Sunday, December 27, 2020

A Year of Puzzles

Yesterday I saw this tweet Annie Perkins tweet and immediately loved the idea of this puzzle. The idea is to use the pieces to cover up everything except for today's month and date. I love puzzles, but this one is a special puzzle that changes every day! Annie shared this link so that admirers could buy one. I did and I hope people will buy one because, in addition to being fun, it looks beautiful. But, if I want to use this puzzle in my classroom, especially in my socially-distanced-pandemic classroom, with all my students, a digital copy makes a little more sense.

As a result, I set out to make a digital version of the puzzle. At the risk of venturing into long-winded-descriptive-recipe-blogger territory, I'll briefly describe my process. Lots of Google re-creations for me are Google Drawings, so I started there by inserting a Table. Then I used the shape tool to make a square that I used as a template to adjust the width and height of the table's cells until they were squares. I shaded in the cells of the table that I didn't need and added text and numbers to complete the puzzle frame. Then I copied and pasted my square template to build all the pieces out of identical squares. Then used "Group" to lock the squares together into the pieces. Voila! Digital puzzle. 

 


You can click here to get your own view-only version. It doesn't look nearly as lovely as the original physical version, but it will do the job. Make a copy (File menu > Make a copy) for one you can edit or share with your own students. When you click on a piece, you will get blue handles. Hover on the circular one to click and turn it. You can use the Rotate function (Arrange menu > Rotate) to rotate the pieces over if you need to flip them.

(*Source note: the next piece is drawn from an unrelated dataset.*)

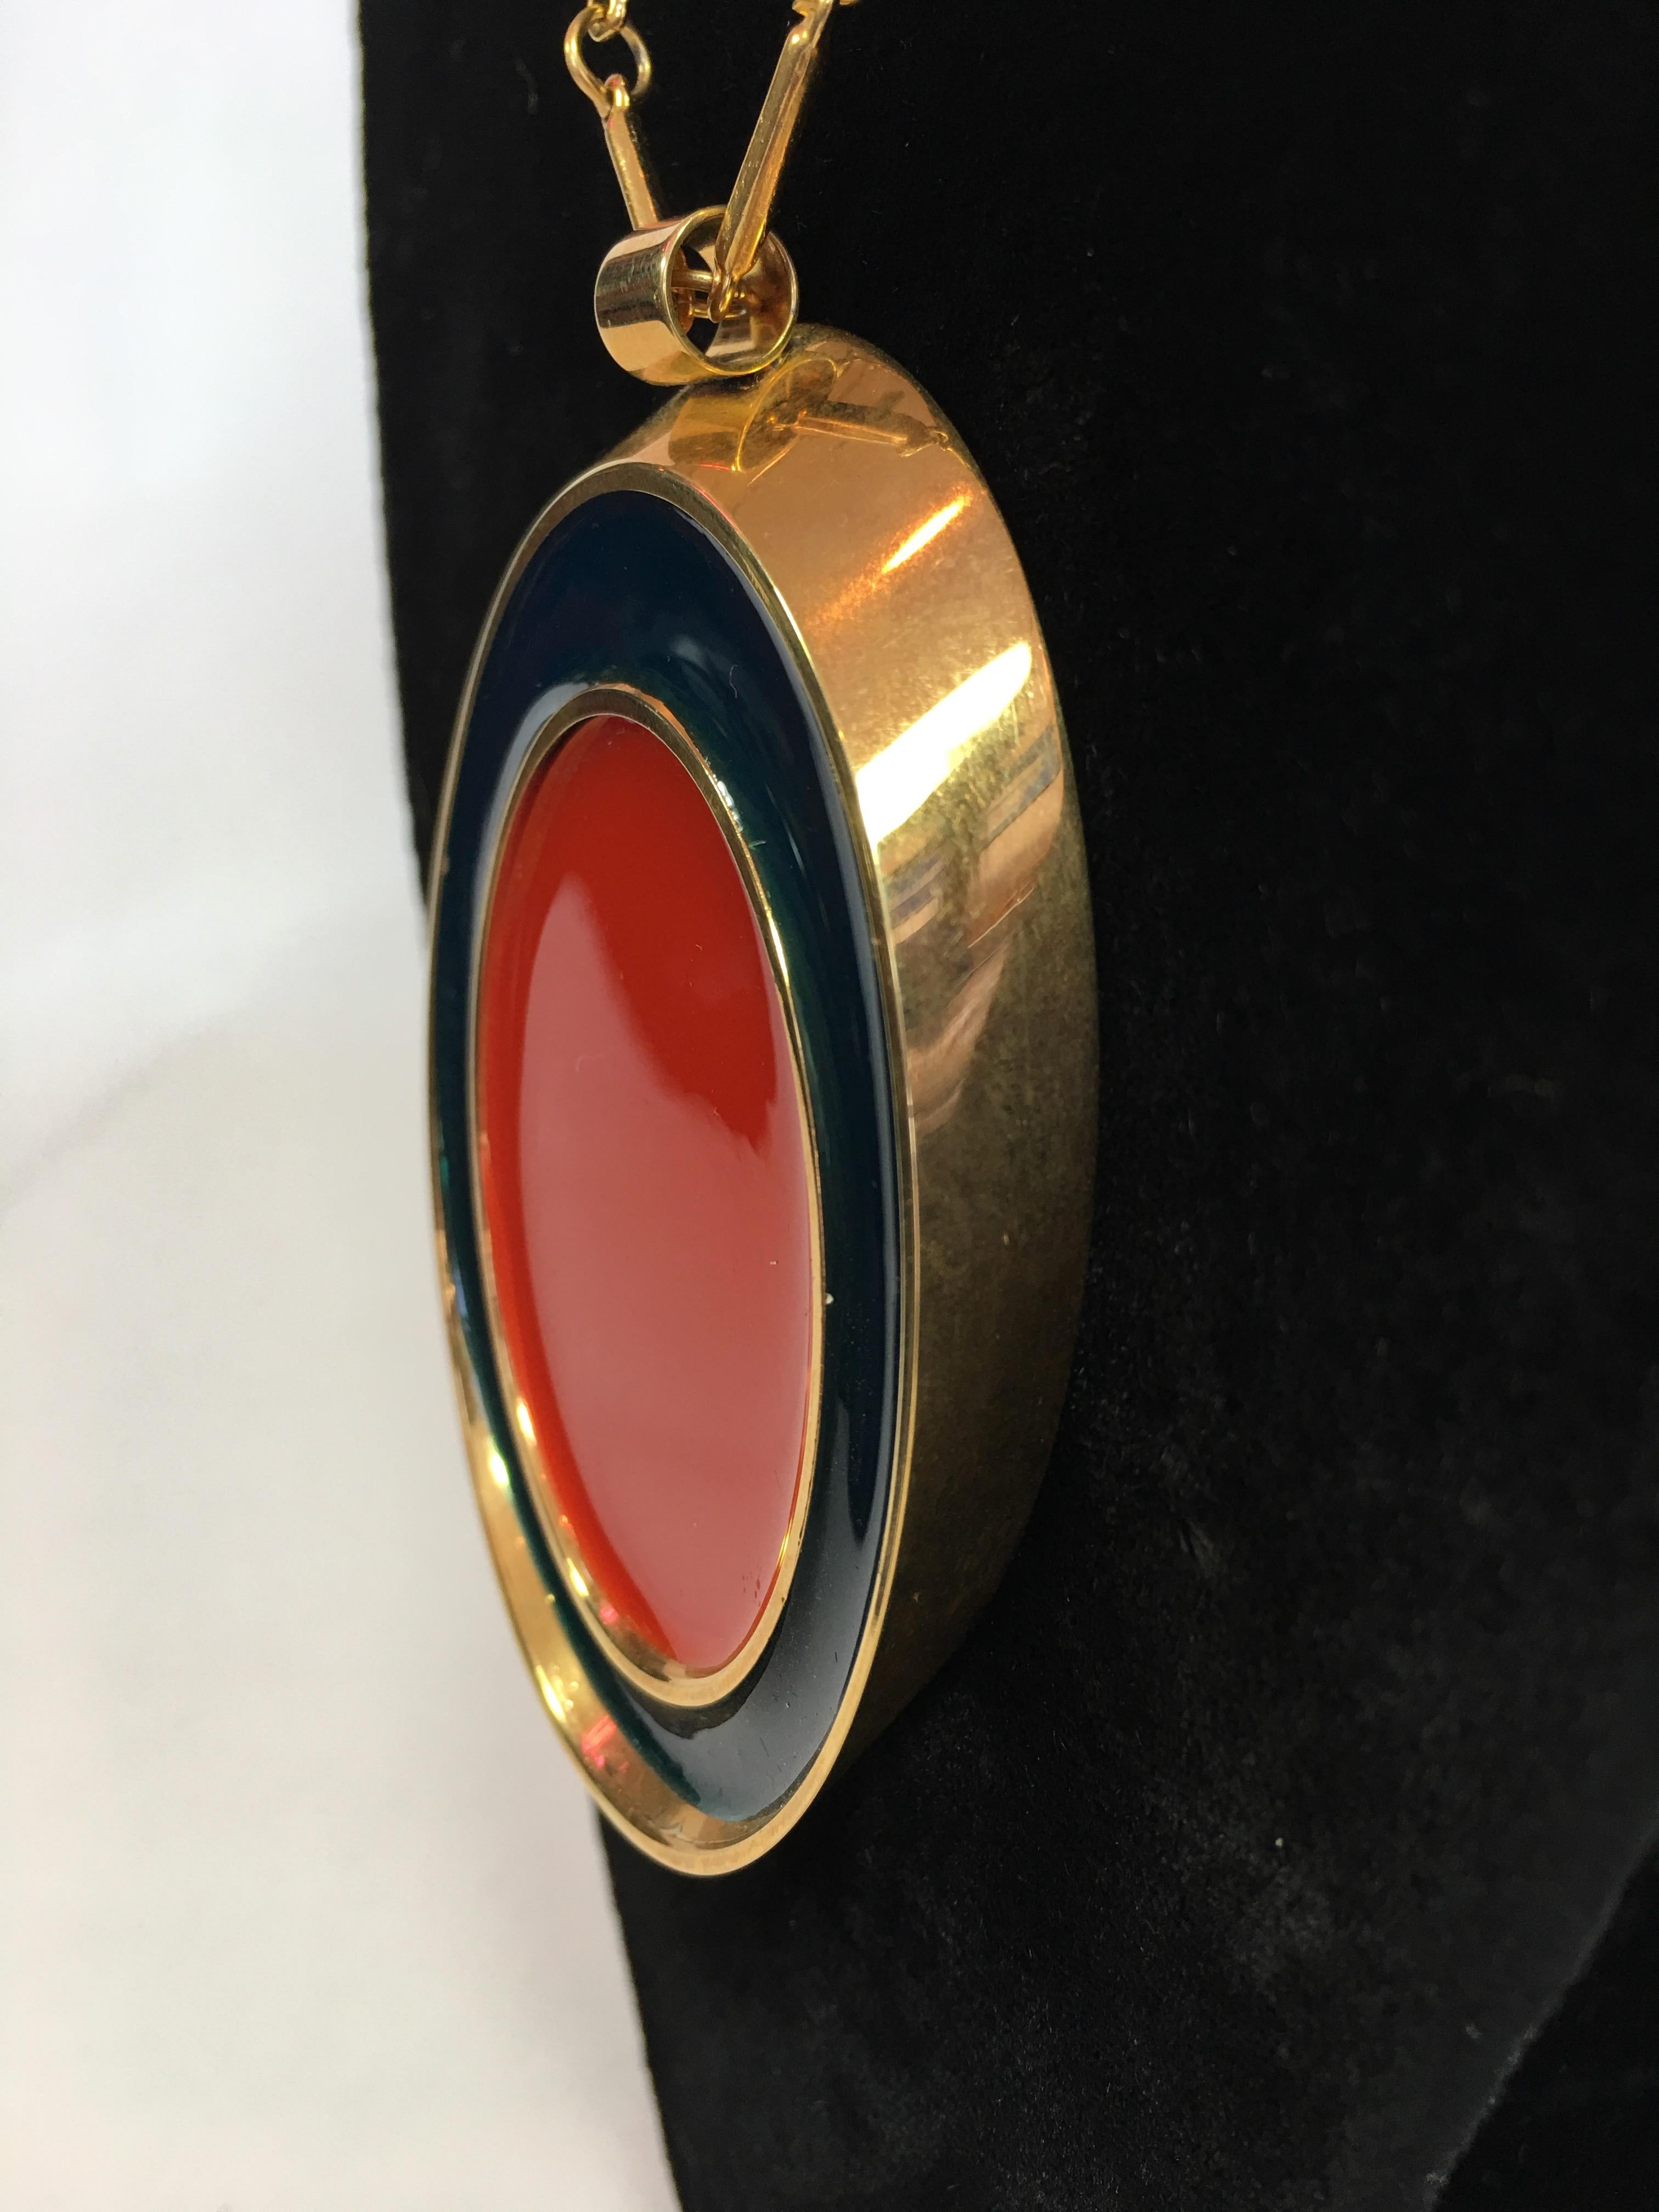 Guy Laroche Goldton-Halskette mit rotem und marineblauem, emailliertem, ovalem Anhänger aus den 1960er Jahren. Der Anhänger ist wendbar und hat auf beiden Seiten das gleiche marineblaue und rote Design. Die Kette ist ein Teil des Designmerkmals. Guy

I like the idea of giving each student a copy to solve daily, like a personal puzzle table. 

Final thought: It was easier for me to make the puzzle than to solve the puzzle!

Saturday, December 26, 2020

Pro Tip: Restrict Access to Worksheets in Google Sheets

 

Let's say you're tracking data on students and you want to look at all the data for your students in one spreadsheet, but you'd like to share certain data on certain students with various people. Seems like it should be easy to give different people access to different tabs, right?

Several times this year I have wanted to have a spreadsheet where I accumulate data of one type or another and I share one or more worksheets (or tabs or pages) of the spreadsheet with people to view. What I have found is that while you can give people editing rights to certain worksheets, there is not a native way to restrict viewing access to one worksheet. I did find a workaround and I am sharing it here in case you also need this functionality. I admit that the workaround is not as easy as clicking the share button and making some changes, but it's not as hard as it might initially look either.

  1.  Create a spreadsheet that will hold all the data that you want to share. This will be your master copy of the data that only you can access. Organize the data in a way that will make it easy to export and share.
  2. Create another spreadsheet that will pull data from the master copy. This new spreadsheet is the one you will share with viewers.
  3. In the spreadsheet you will share, click in cell A1 and type this formula:

            =IMPORTRANGE("spreadsheetURL","worksheetname!cellrange") 

           Replace the items in red above with information from your master copy of the data.

spreadsheet URL: Copy the web address of the spreadsheet that is your master copy of the data and paste it between the quotation marks.

worksheetname: Between the quotation mark and the exclamation point, type the name of the worksheet (or tab or page) from the master copy of the data where the data you will export can be found.

cell range: list the first and last cell from the worksheet you selected that you want to import. The first and last cell will be separated by a colon. The cell range A1:J30 will import data in cells A1 through J30.

The first time you import the data, you may have to grant permission for the spreadsheets to talk to each other, but after you grant permission, if you update your master copy of the data, the second spreadsheet will automagically update as well.